Bug 6706

Summary: modprobe -r ohci1394 hangs or panics
Product: Drivers Reporter: Stefan Richter (stefanr)
Component: IEEE1394Assignee: Stefan Richter (stefanr)
Status: CLOSED CODE_FIX    
Severity: normal    
Priority: P2    
Hardware: i386   
OS: Linux   
Kernel Version: 2.6.15, 2.6.16 Subsystem:
Regression: --- Bisected commit-id:
Attachments: effectively reverts 2.6.16 patch "Hold the device's parent's lock during probe and remove"
an unsane fix
another ugly workaround
previous patch revised

Description Stefan Richter 2006-06-18 03:40:46 UTC
Most recent kernel where this bug did not occur: unknown
Distribution: Mandrake 10.1
Hardware Environment: x86 K7 uniprocessor
two FireWire host adapters (0: TI based, 1394b, 1: VIA based, 1394a)
Software Environment: gcc 3.4.1, kernel.org's kernel
Problem Description:

When "modprobe ohci1394" is followed shortly by "modprobe -r ohci1394" (e.g. 1
second after the previous modprobe finished), one of the following may happen:

 - kernel panic due to exception in interrupt
   (happened on 2.6.15.x preempt uniprocessor)

   or

 - modprobe -r hangs in D state, as does knodemgrd_0
   (happened on 2.6.16.x preempt SMP on a uniprocessor machine,
   with original drivers as well as with 1394 drivers equivalent
   to 2.6.17-rc6-mm2 --- i.e. 2.6.17 will also be affected).

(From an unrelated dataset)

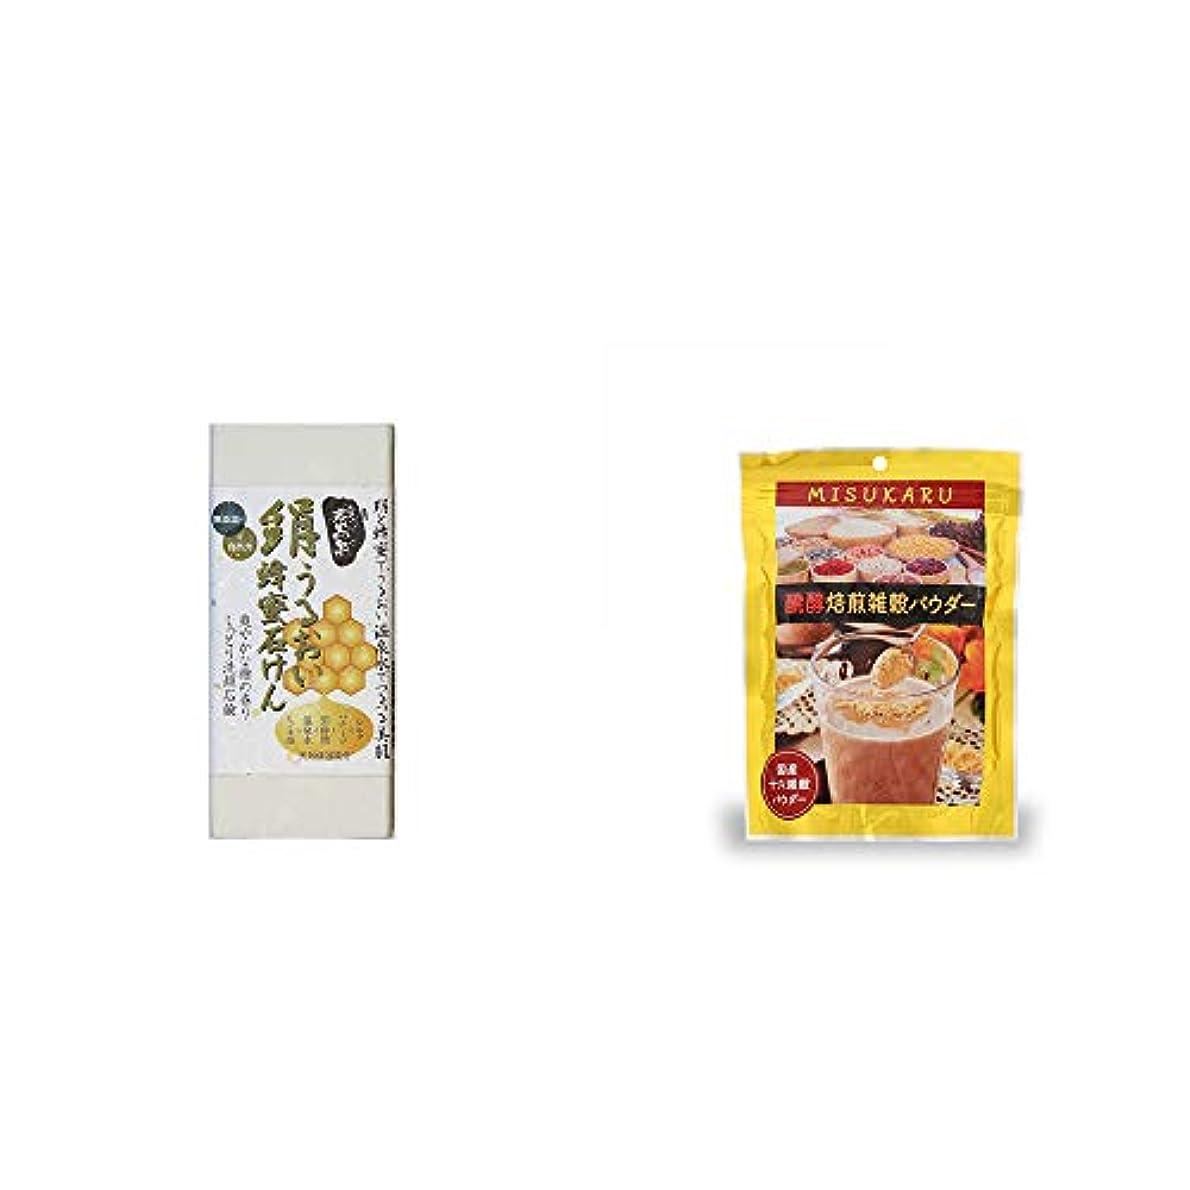 重要歯科医治安判事[2点セット] ひのき炭黒泉 絹うるおい蜂蜜石けん(75g×2)?醗酵焙煎雑穀パウダー MISUKARU(ミスカル)(200g)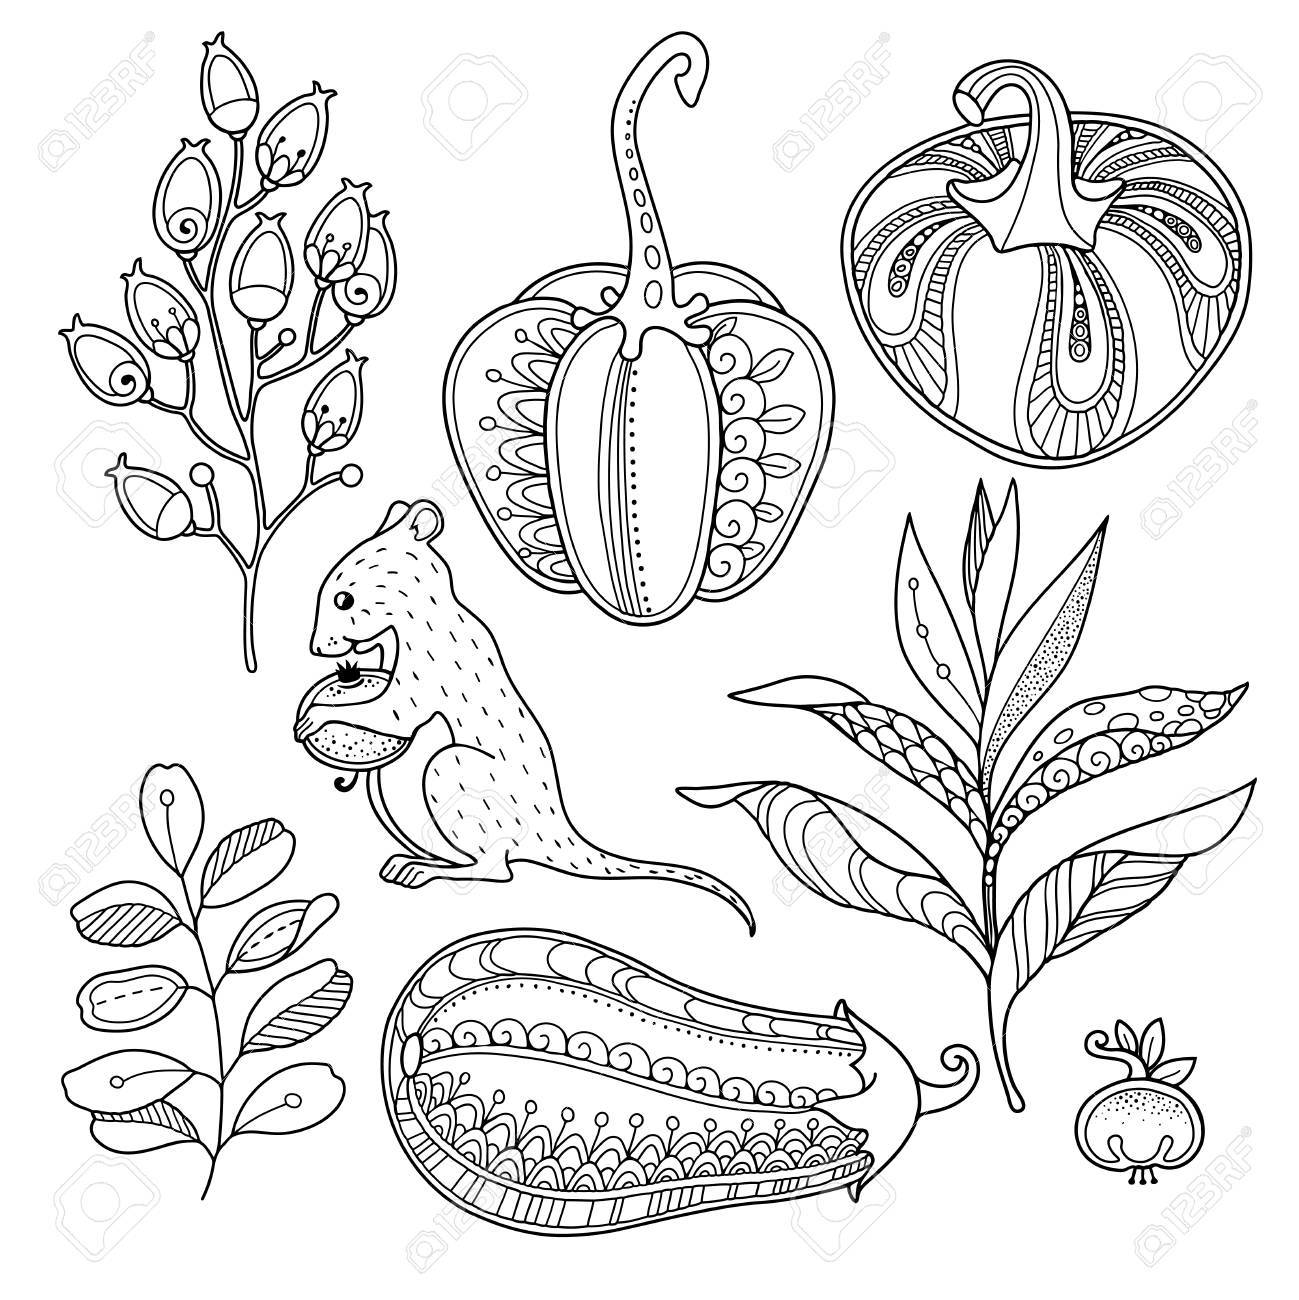 Objetos De Jardín Mágicos En Estilo Doodle Elementos Florales Ornamentados Decorativos Tribales Del Diseño Del Vector Fondo Blanco Y Negro

   The knodemgrd_1 slept interruptibly (S state) while the other
   slept uninterruptibly (D state) right after modprobe -r was
   issued. This happens with or without other nodes attached to
   the FireWire ports, with or without eth1394 loaded.

There is no problem if a longer pause is put between modprobe and modprobe -r,
for example 4 seconds.
Comment 1 Stefan Richter 2006-10-22 04:21:13 UTC
Didn't happen anymore when I tested again with Linux 2.6.19-rc2. I am too lazy
to find out which patch fixed that. On a quick glance, this fix in 2.6.18 looks
like it:
http://www.kernel.org/git/?p=linux/kernel/git/torvalds/linux-2.6.git;a=commitdiff_plain;h=445151932e869fd76b23bccff75ae2a600ccf3c9
Comment 2 Stefan Richter 2006-11-18 15:37:58 UTC
Alas it's not fixed. I never get a panic but the deadlock between the modprobe
process and the knodemgrd kthread does still happen if the timing is right.
Tested with 2.6.19-rc.

# modprobe ohci1394 && modprobe -r ohci1394
works.

# modprobe ohci1394 && sleep 1 && modprobe -r ohci1394
gets stuck in uninterruptible sleep on kthread_stop(). This is trying to stop
the knodemgrd which uninterruptibly sleeps on bus_rescan_devices_helper() meanwhile.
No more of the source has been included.